There's also a subtle tension visible in the message. The assistant has just spent several messages building an elaborate optimization plan with specific recommendations (EP retry, SGLang switch, L2 cache pinning). The user's decision to "profile first" effectively defers all of those recommendations. The assistant could have pushed back or argued for the quick wins, but instead it pivots gracefully, fully embracing the measurement-first philosophy. The message's tone — "Now let me check what profiling capabilities we have for vLLM specifically" — is matter-of-fact, showing no frustration or reluctance. This is a sign of a well-calibrated assistant that respects the user's decision-making authority.

The Broader Significance

In the larger narrative of this coding session, <msg id=2406> represents the moment when the optimization effort transitions from theory to practice. Before this message, the conversation was dominated by speculation: "What if we try EP?" "What if we switch to SGLang?" "What if we write a custom kernel?" After this message, the conversation becomes data-driven: "Here's what the profiler shows." "AllReduce accounts for 51.5% of decode time." "The GEMMs are not the bottleneck."

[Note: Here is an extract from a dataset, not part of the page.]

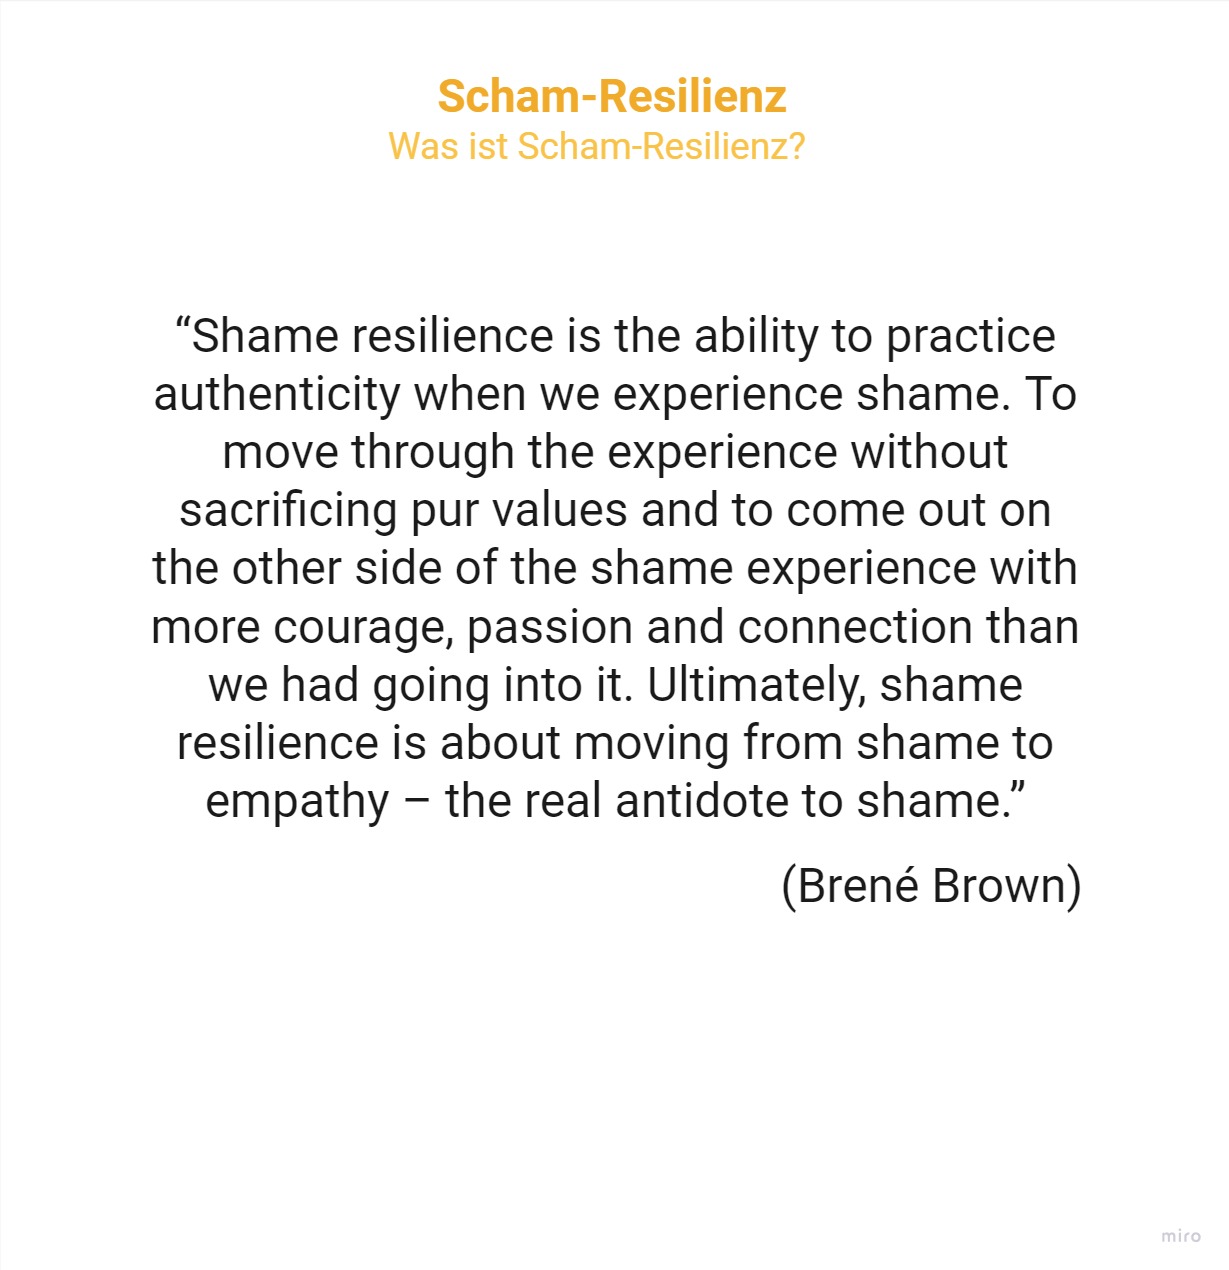 Zitat Scham-Resilienz nach Brene Brown

This transition is crucial because it prevents wasted effort. Without the profiling data, the team might have spent days implementing Expert Parallelism or L2 cache pinning, only to discover that AllReduce was the dominant bottleneck all along. The profiling revealed that AllReduce consumed 51.5% of decode time (11.17ms per step) — a finding that fundamentally changed the optimization strategy. The team pivoted to investigating speculative decoding as a software-only optimization path, recognizing that the PCIe allreduce bottleneck was a hard physical constraint that couldn't be optimized away.

In this sense, <msg id=2406> is the most important message in the optimization arc, even though it contains no analysis, no code, and no decisions. It is the message that sets the stage for discovery.